[Opening Record extracts section]

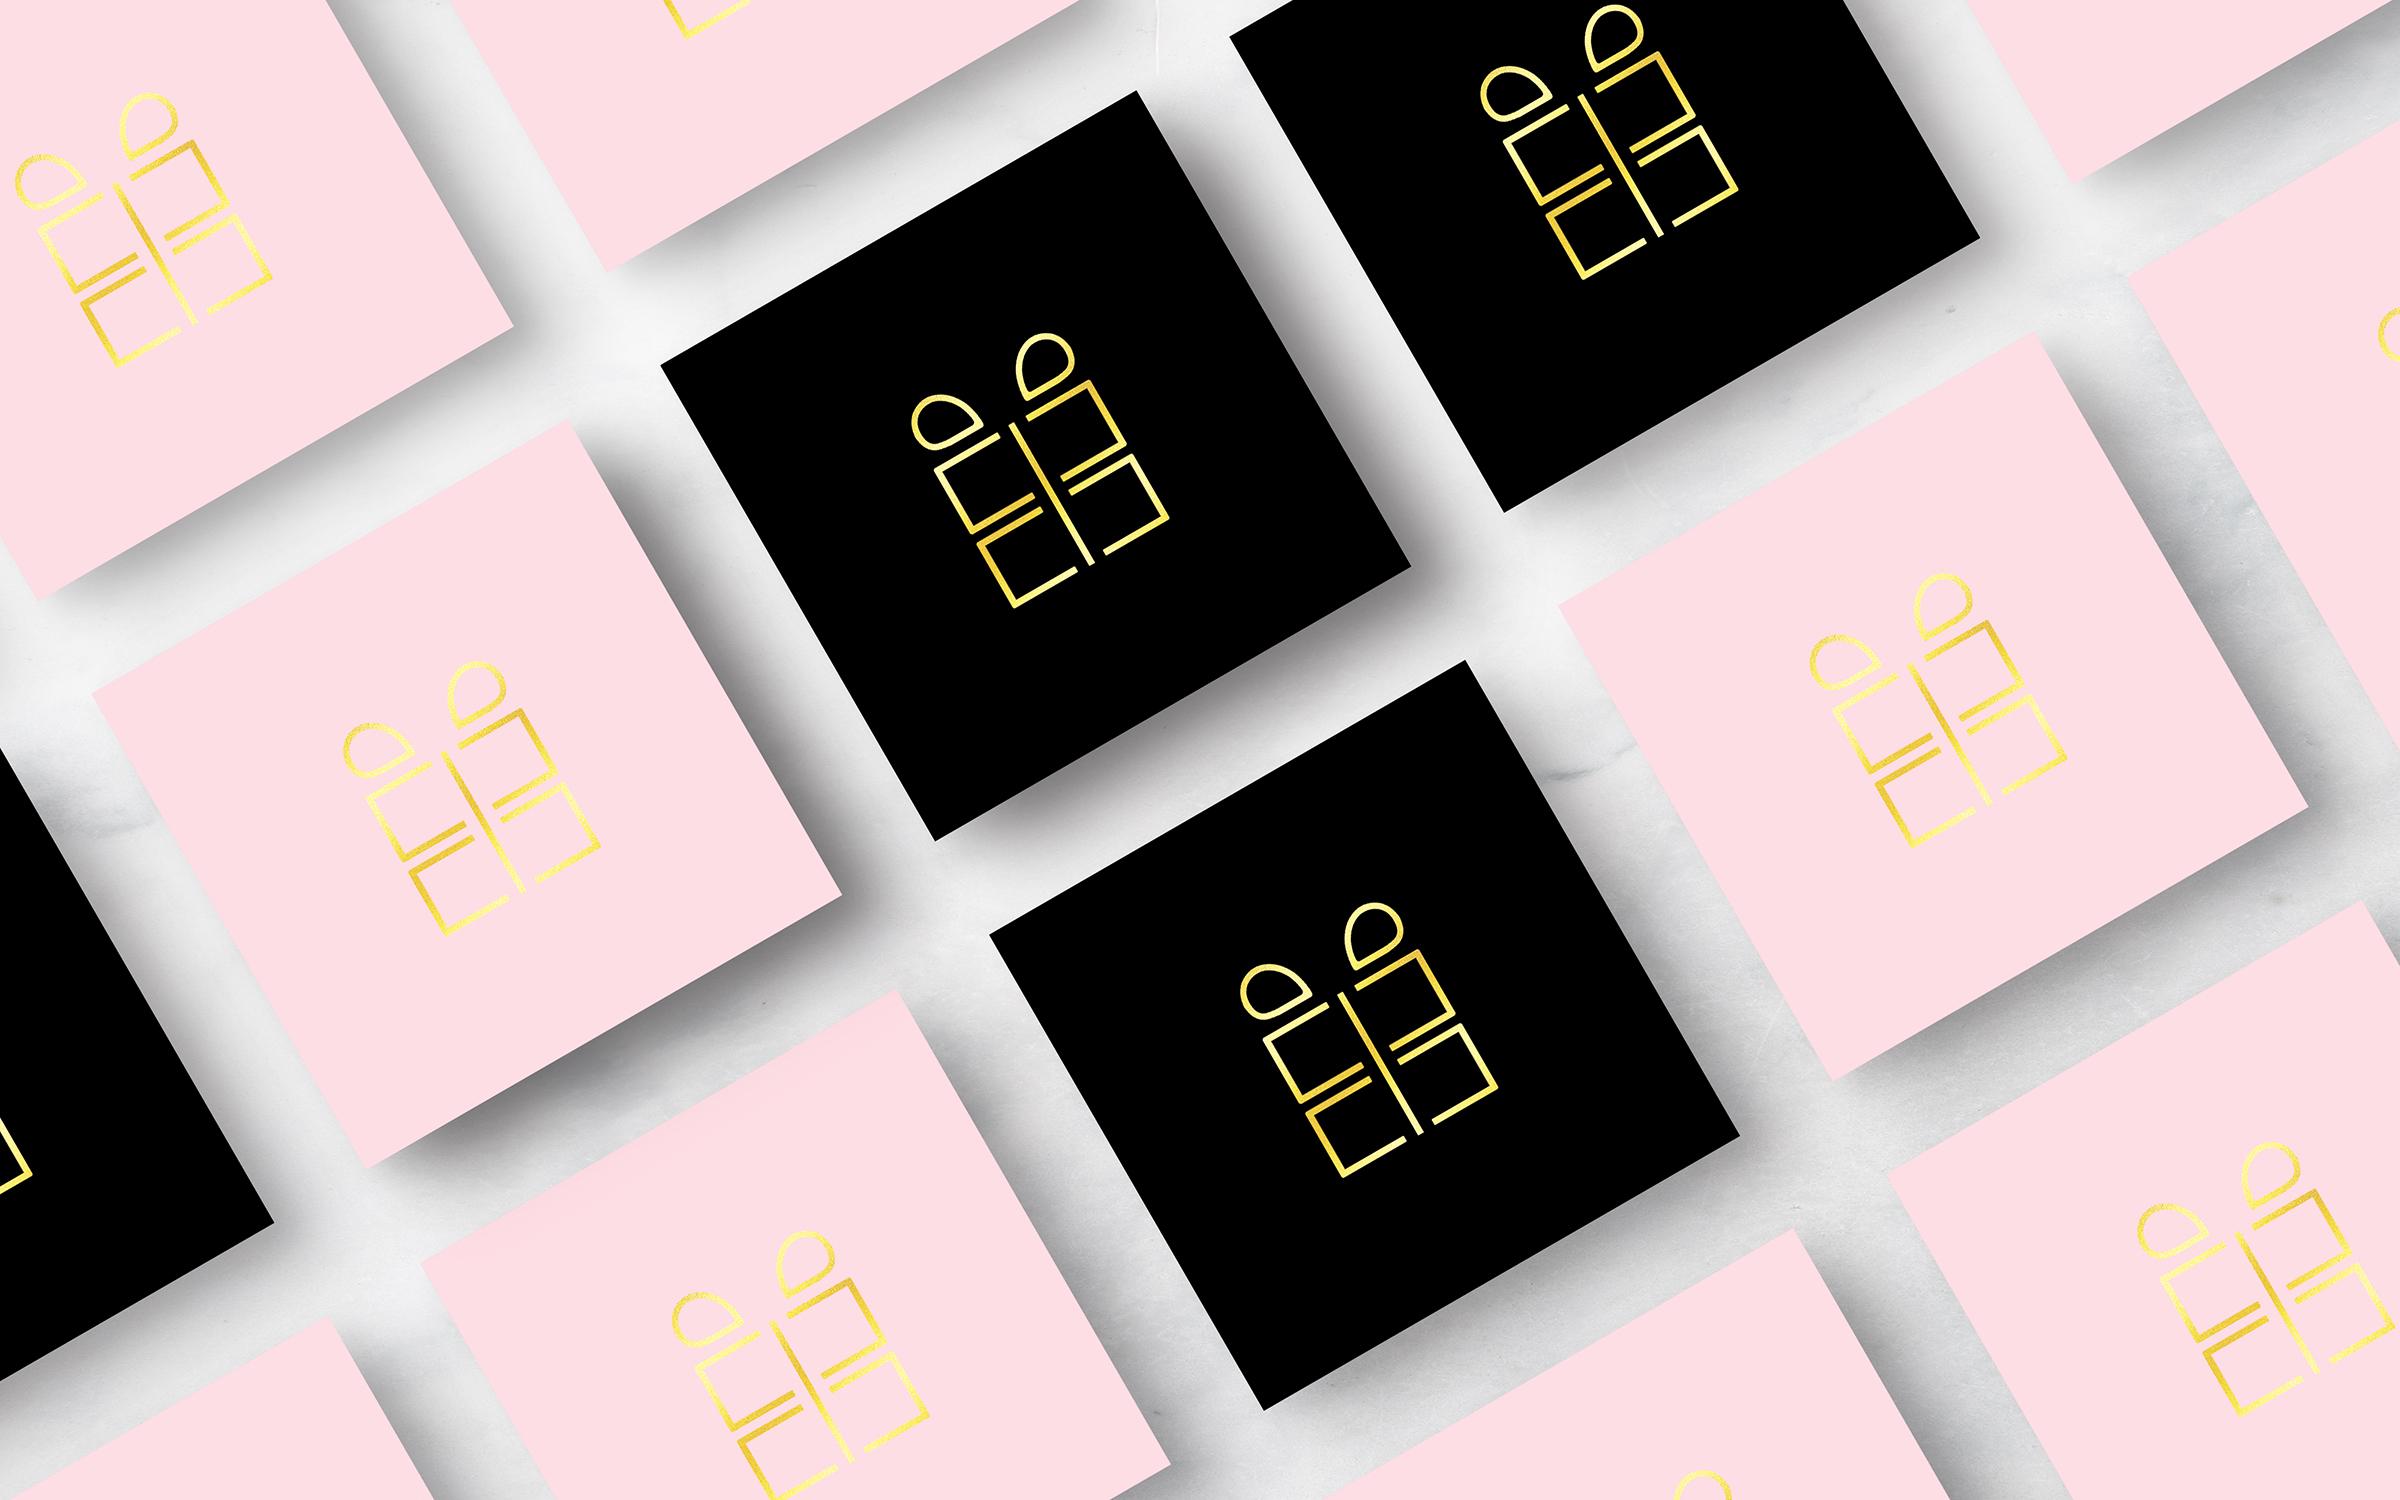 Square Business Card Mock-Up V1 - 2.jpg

[Closing Record extracts section]
[Opening Record extracts section]

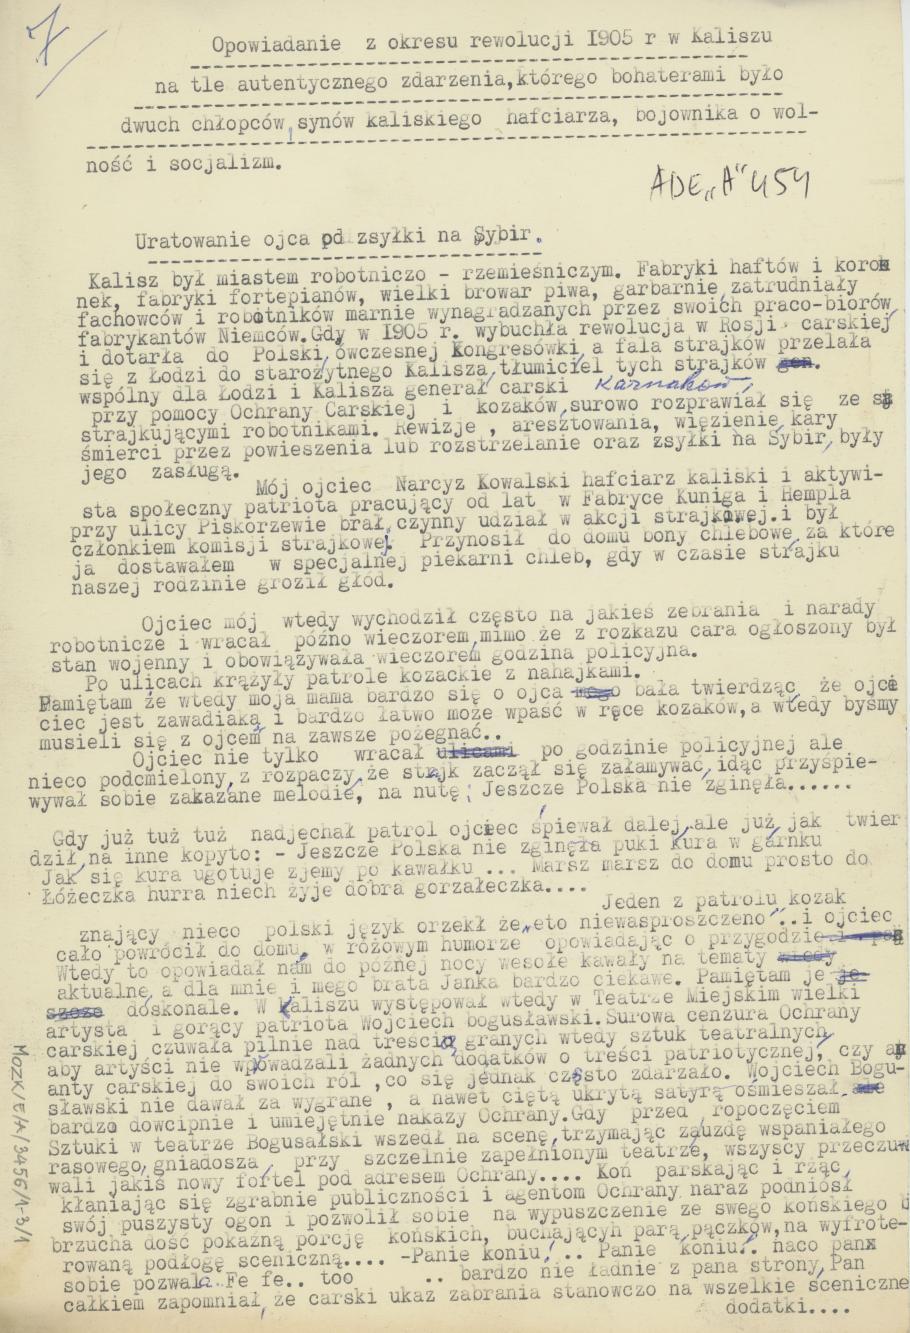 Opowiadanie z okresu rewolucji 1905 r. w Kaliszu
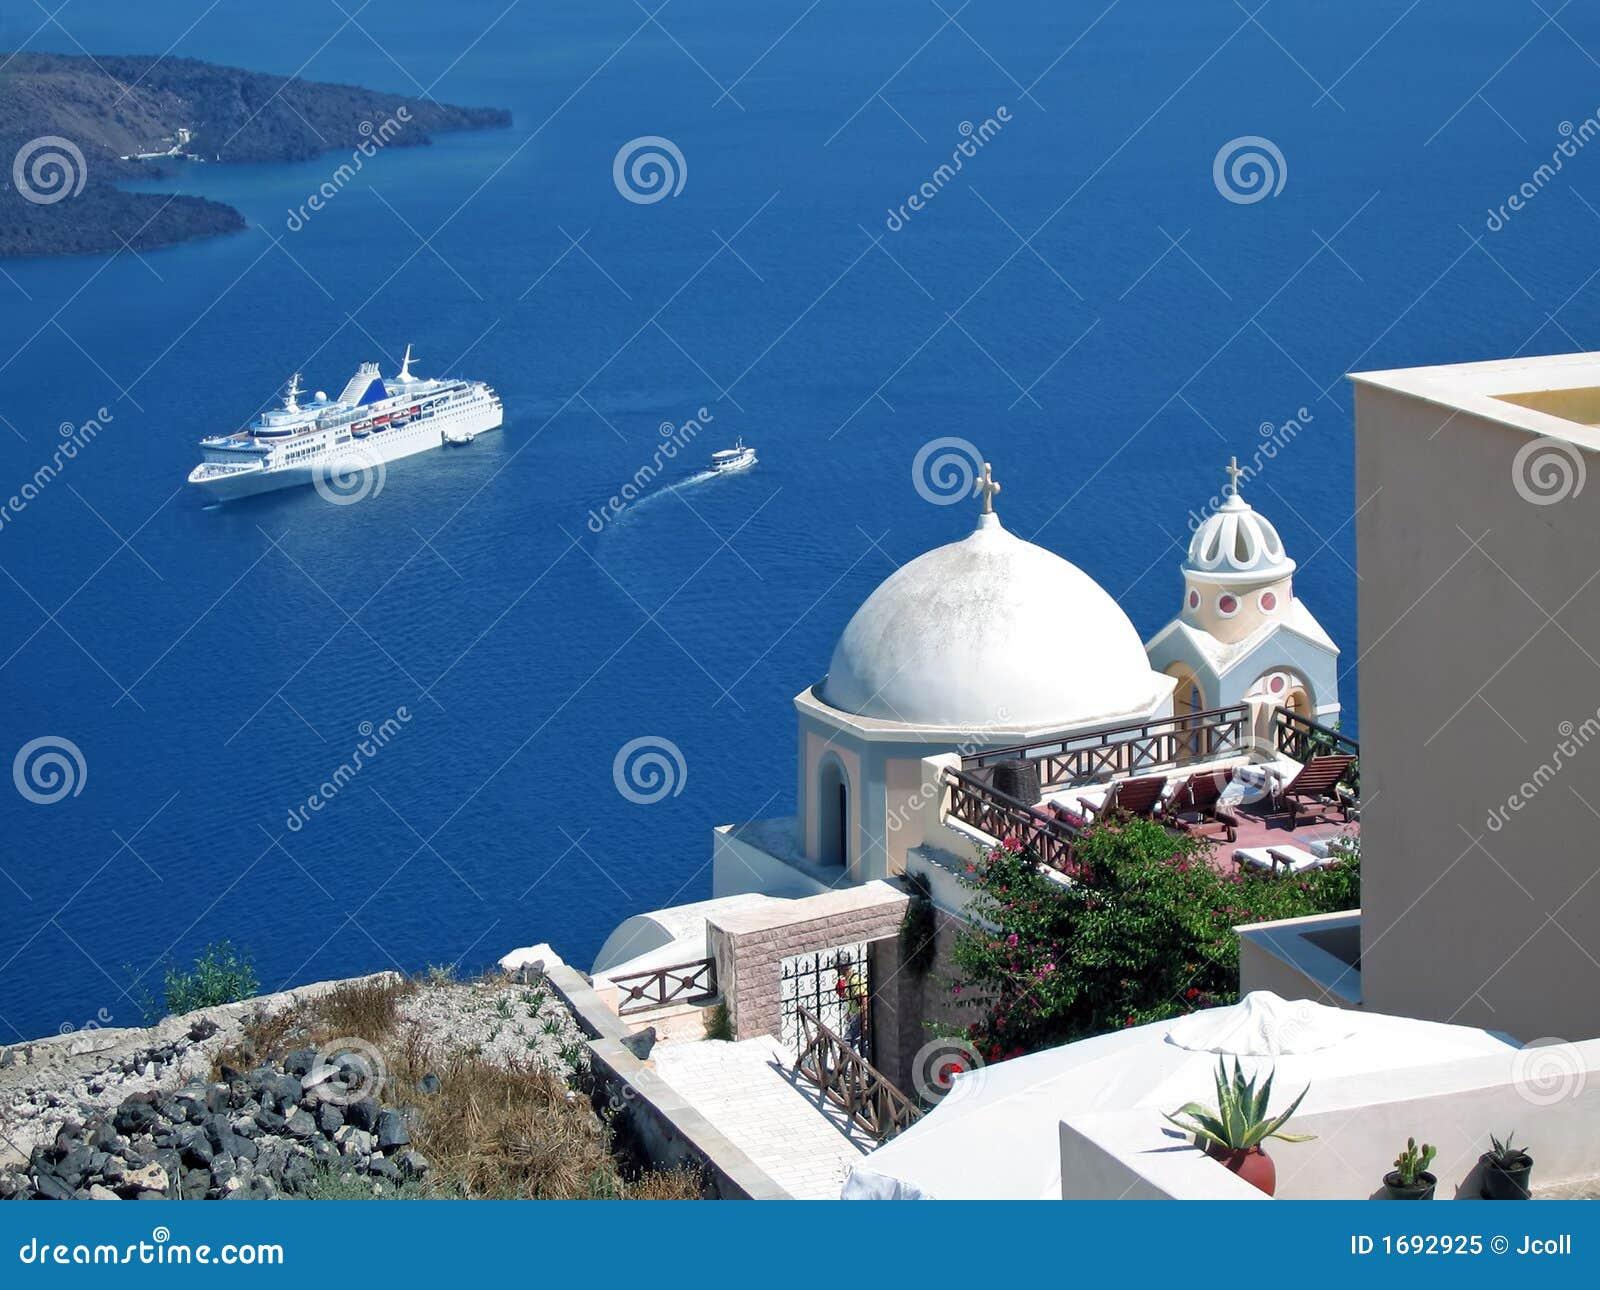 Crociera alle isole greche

[Closing Record extracts section]
[Opening Record extracts section]

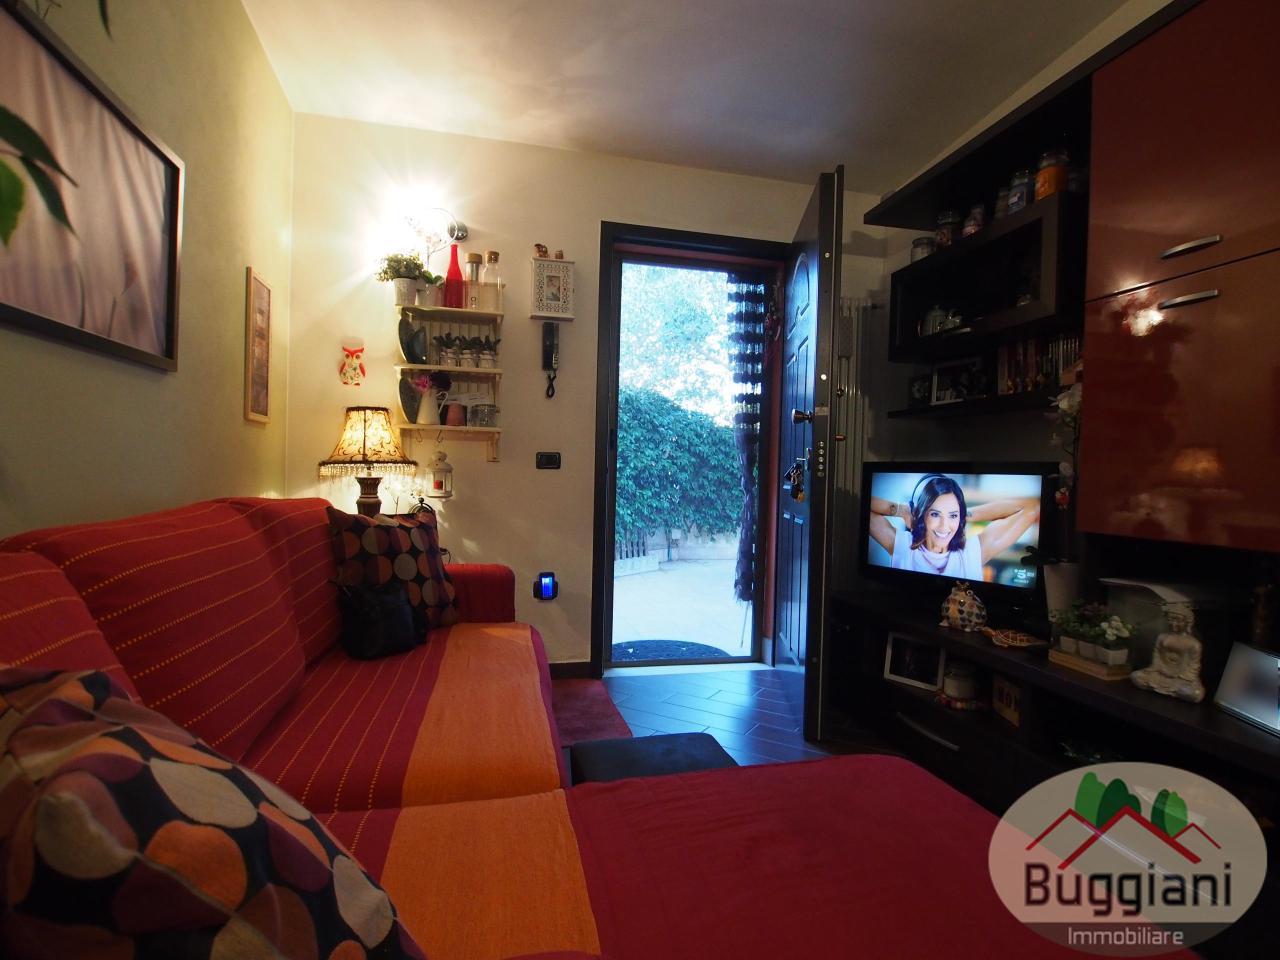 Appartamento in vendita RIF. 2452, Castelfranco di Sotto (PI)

[Closing Record extracts section]

Work instruction:
Here the job is to copy the listing above word for word, starting at the line with "Opowiadanie z okresu" and ending at the line with "Crociera alle isole greche", and to leave out the pictures.

Output:
 Opowiadanie z okresu rewolucji 1905 r. w Kaliszu
 Crociera alle isole greche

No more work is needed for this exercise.